Spontaneous mutations that occur between genes are as important in autism as those within genes, a new study suggests1.
The study, published today in Nature Genetics, is the first to look at the impact of these ‘noncoding’ mutations across the whole genomes of autistic people.
Many teams over the past three years have sequenced the DNA of autistic people both within and between genes. Yet sorting through the hundreds of thousands of mutations between genes had seemed nearly impossible because researchers know so little about these genetic segments.
The new study overcomes this challenge by using a machine-learning approach. The researchers created an algorithm that predicts whether a particular noncoding mutation alters any gene’s expression. It assigns each mutation a score based on how likely it is to do so — and to be harmful.
“The unique approach here is that instead of just counting mutations, we’re using the deep-learning-based frameworks to look at their regulatory impacts,” says co-lead author Olga Troyanskaya, professor of integrative genomics at Princeton University in New Jersey. “All mutations are not created equal, and all effects are not created equal.” (Troyanskaya also holds a position at the Simons Foundation, Spectrum’s parent organization.)
A strength of the study is that it looks at spontaneous mutations across the entire genome, experts say.
Previous efforts to analyze noncoding mutations focused on certain regions, often those closest to genes, notes Xin He, assistant professor of genetics at the University of Chicago, who was not involved in the study.
“Here, just genome-wide, you see a clear signal,” He says. “That’s a very impressive result.”
Troyanskaya’s team and her colleagues analyzed 7,097 whole genomes from 1,790 families that have one child with autism but unaffected parents and at least one unaffected sibling. They found tens of thousands of spontaneous mutations in the autistic children, but about the same in the unaffected siblings. The algorithm they created predicts the likelihood that a mutation disrupts a genomic region that controls gene expression.
The team then searched the Human Gene Mutation Database to check whether any of the mutations have known links to a medical condition or tend to appear in controls. They pulled together all of this information to generate an impact score for each mutation.
Noncoding mutations in children with autism have greater impact scores, on average, than those in their unaffected siblings, the researchers found.
Overall, the analysis suggests, such mutations account for autism in 4.3 percent of children with the condition; by comparison, harmful mutations within genes account for 5.4 percent.
The team also assessed the mutations’ effect on messenger RNA (mRNA), the intermediary between gene and protein. In autistic children, they found, mutations that disrupt mRNA have a greater impact than those that affect DNA.

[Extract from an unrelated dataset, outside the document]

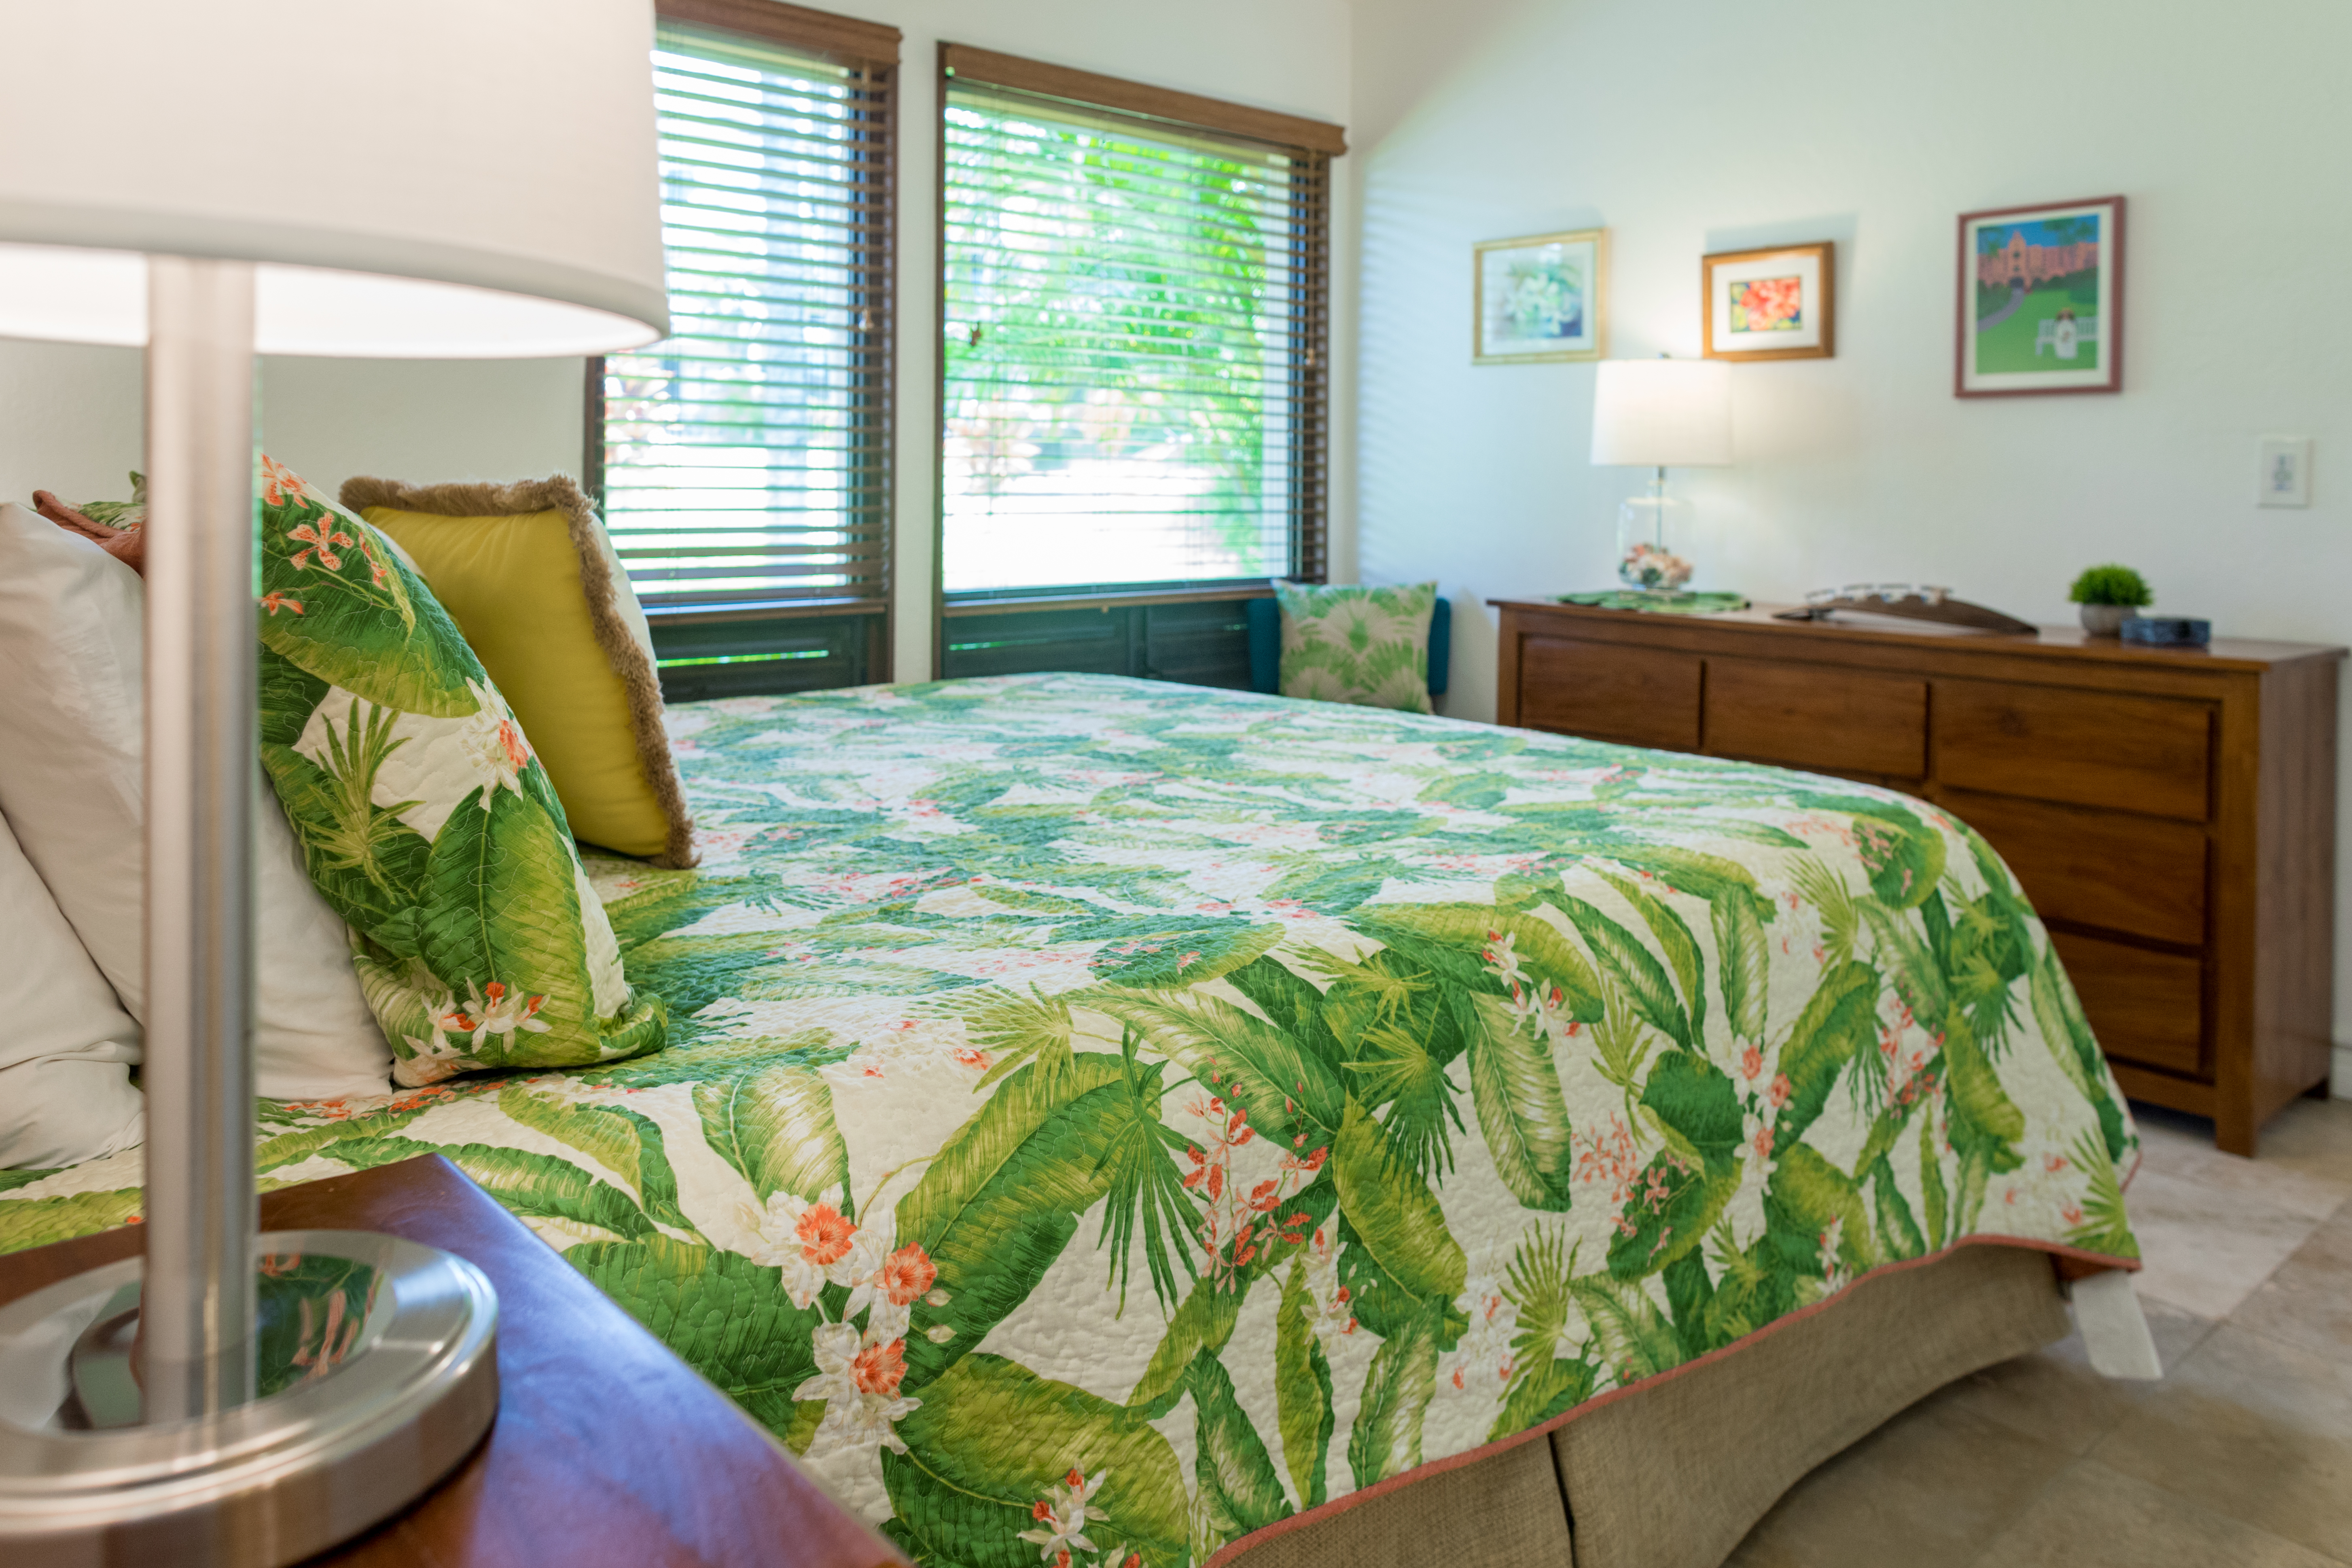 Kahala 312 Master Bedroom with garden view and modern, tropical decor.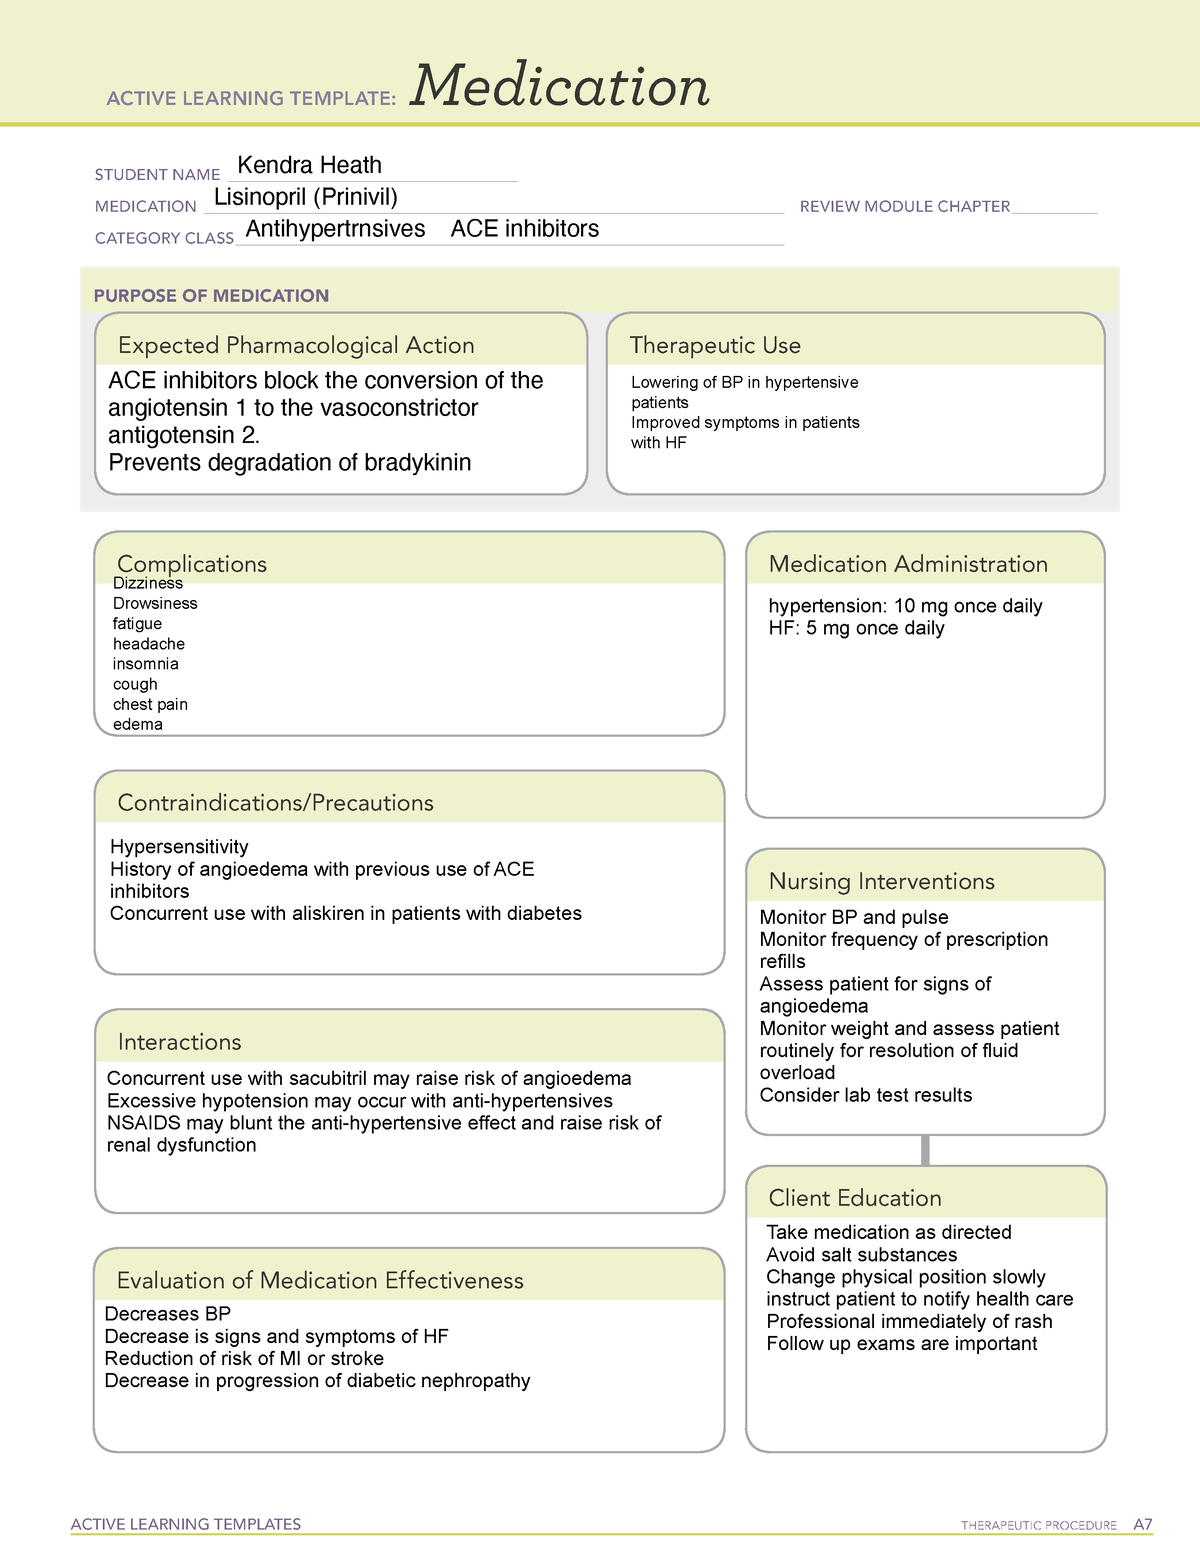 active-learning-template-medication-5-active-learning-templates

“This is an interesting thing to follow up,” says Lucia Peixoto, assistant professor of biomedical sciences at Washington State University Spokane, who was not involved in the study. “I don’t think a lot of people in autism are actually looking at RNA processing as an important pathway.”
The genes closest to the high-impact noncoding mutations in autistic children tend to be expressed in brain tissue, the researchers found.
“It’s nice to see multiple lines of evidence support this idea that one way to get autism and other neurodevelopmental disorders is by affecting the noncoding regulatory elements in the developing brain,” says Jeffrey Barrett, chief scientific officer of Genomics plc, a biotechnology company based in Oxford, England, who was not involved with the study.
Neighboring genes also tend to be involved in processes altered in autism, such as neuronal signaling or gene regulation — the same pathways that coding mutations disrupt.
The team also assessed the effects of high-impact mutations on gene expression in cultured cells. In most cases, they found, the mutations seem to alter the expression of a gene.
The algorithm, called DeepSEA, is available online. Troyanskaya and her colleagues are applying their method to the whole genomes of individuals with other conditions, such as congenital heart disease.